Healthy people 2020 identifies the key elements of evidence based public health which include but not limited to: involving the community in assessing their needs before making decisions, systematical use of information, using the based evidenced based practices available while making decisions, utilizing program planning frameworks based on the behavior of the population and then evaluating and dissemination of whatever is learned (Kumanyika, 2013).

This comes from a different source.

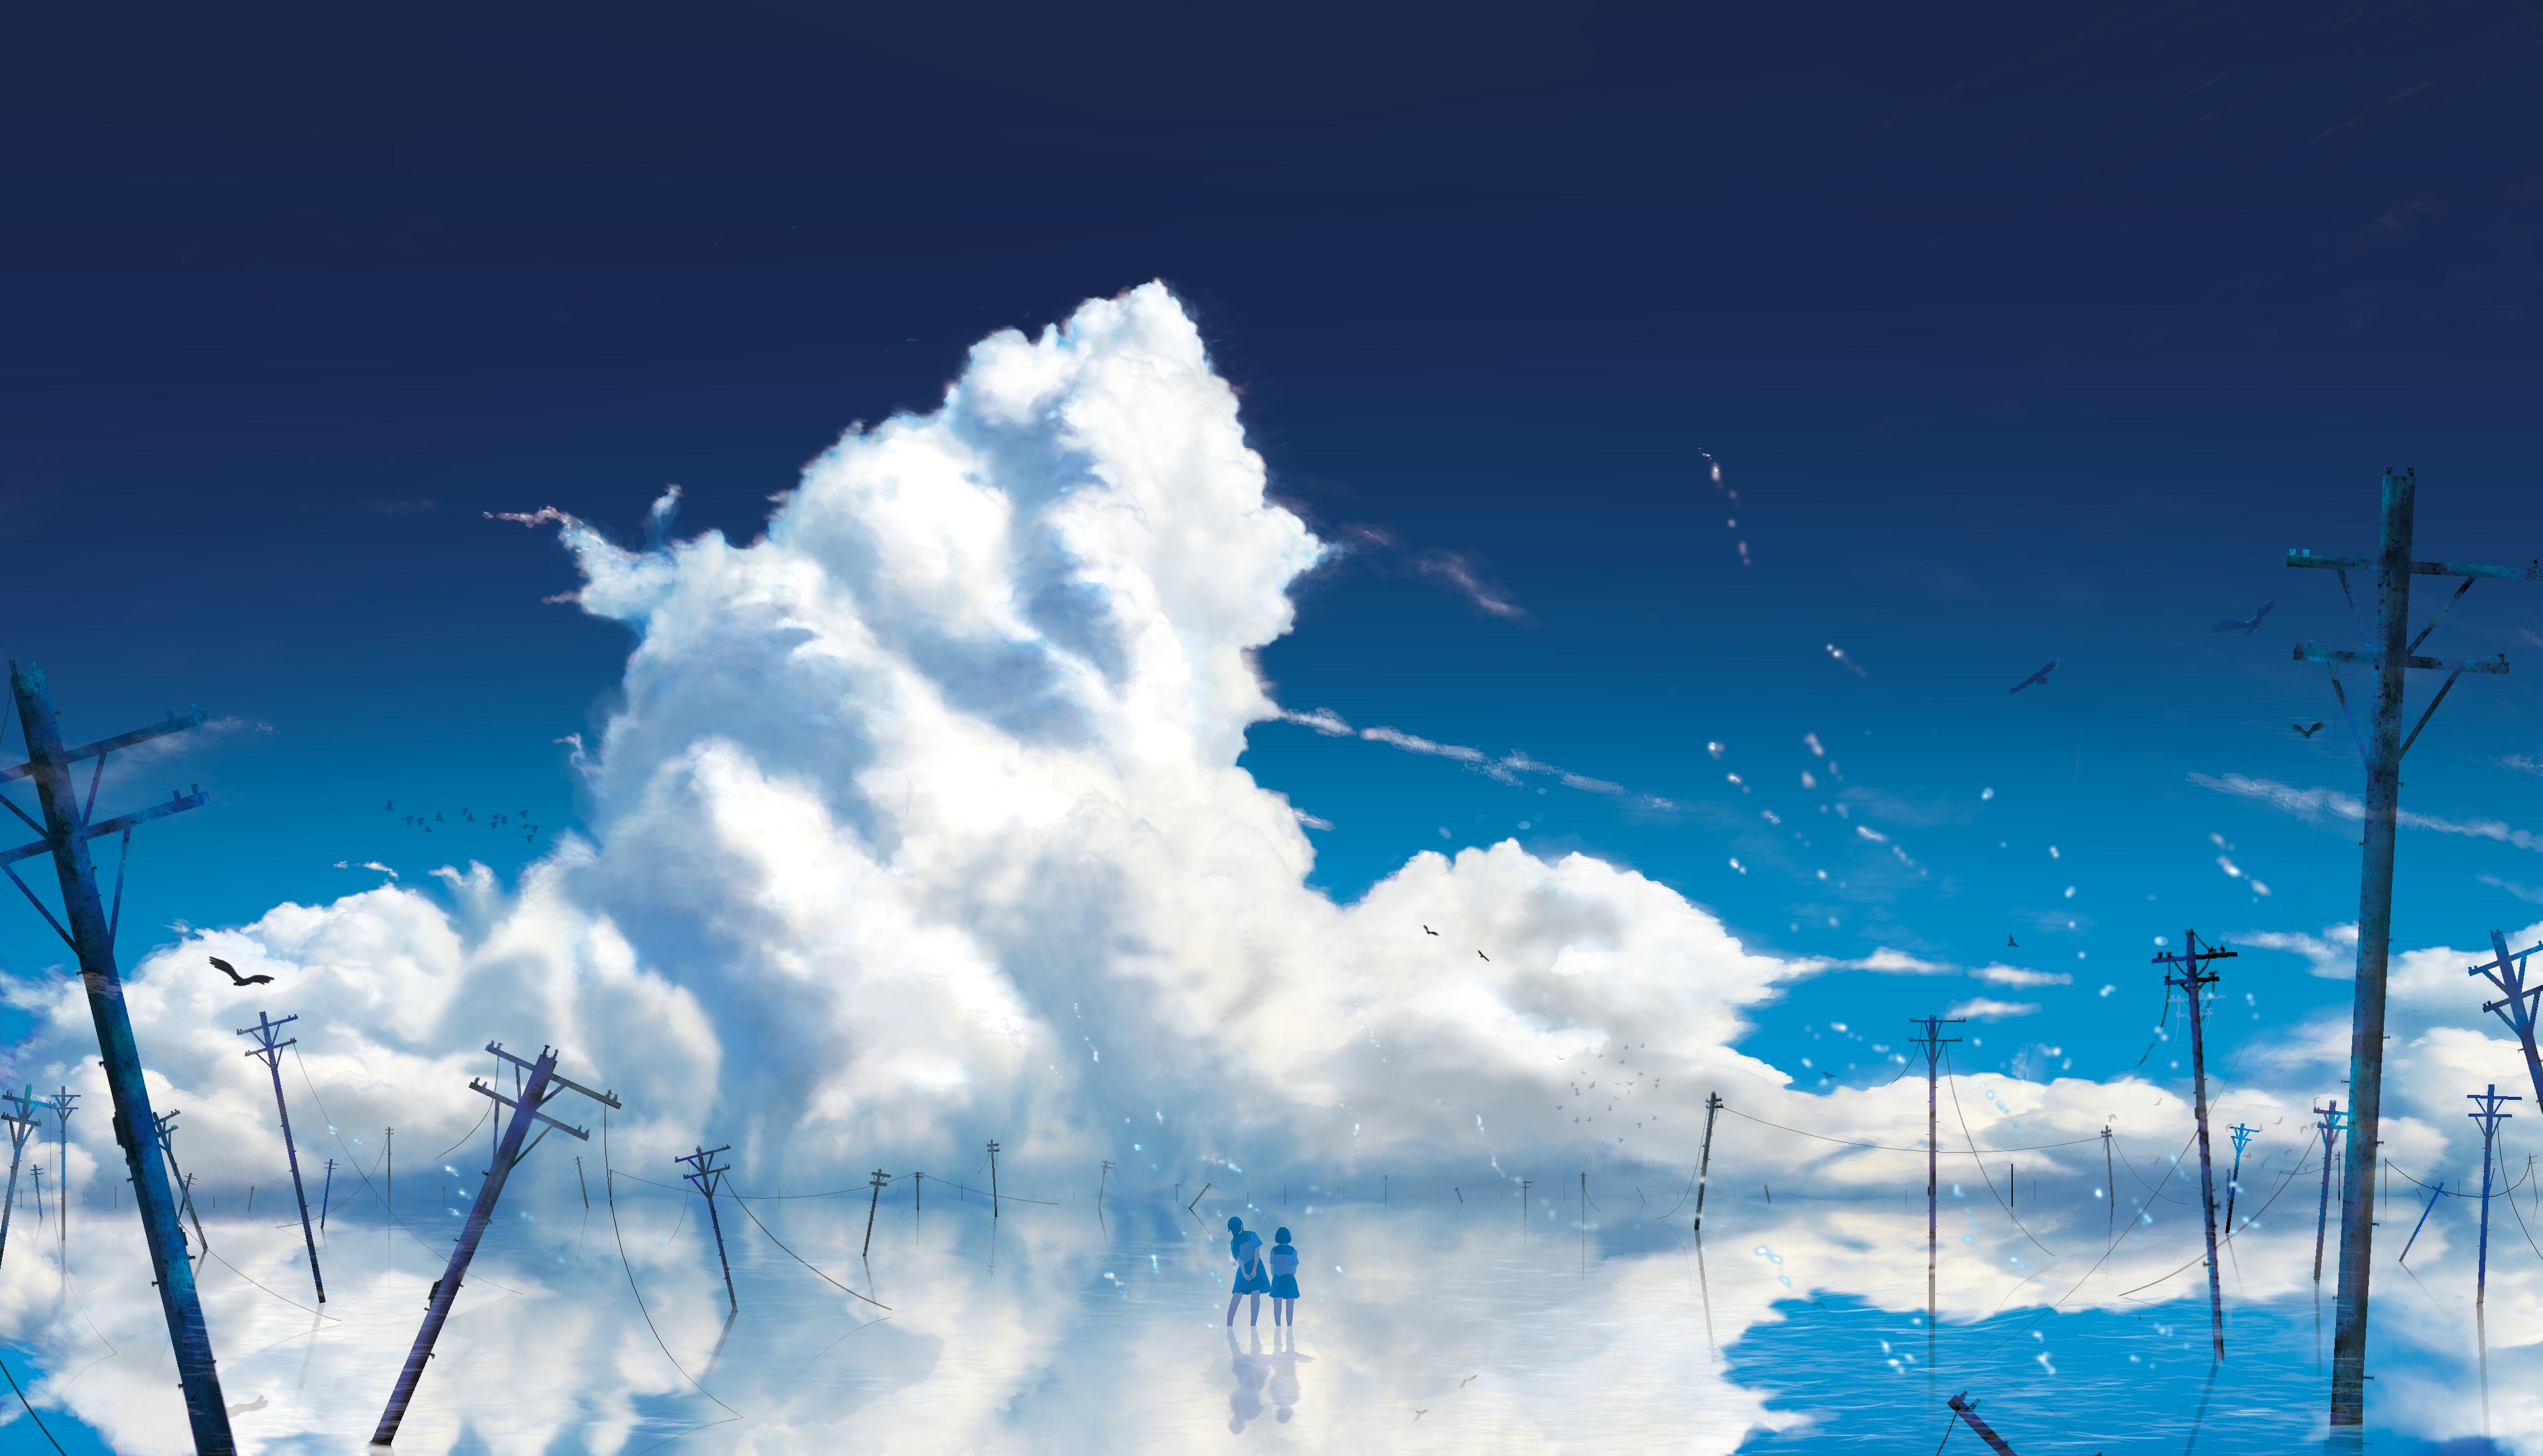 Bright Door Iphone X Hd 4k Wallpaper: Bright Skies 4k Ultra HD Wallpaper

Proper surveillance of the public health is an integral tool in comprehending both potential and actual health concerns facing people. It involves coordinated collection, analysis and interpretation of both quantitative and qualitative data on health, making it easy to draw conclusions. After the needs have been identified appropriately, scientific literature is then used to come up with policies and programs aimed at addressing the needs. Practitioners need to be keen in order to use only the best available evidence.  According to Brownson (2009), commonly used program planning frameworks include the PRECEDE-PROCEDE and are deeply rooted in the behavior of the population.

Evaluation is a continuous process which starts when community assessment has been initiated. The process attempts to respond to all questions about the needs of the program. The evaluation is divided into four including formative, process, impact and outcome and is conducted at various stages of incorporating research in public health practice. The final element of this process is often ignored by practitioners. Sharing of results with relevant stakeholders and members of the community is essential since they are the ones who are affected by the conditions in their environment.




Brownson, R. C., Chriqui, J. F., & Stamatakis, K. A. (2009). Understanding evidence-based public health policy. American journal of public health99(9), 1576-1583.

Kumanyika, S. (2013). A perspective on the development of the Healthy People 2020 framework for improving US population health. Public Health Reviews35(1).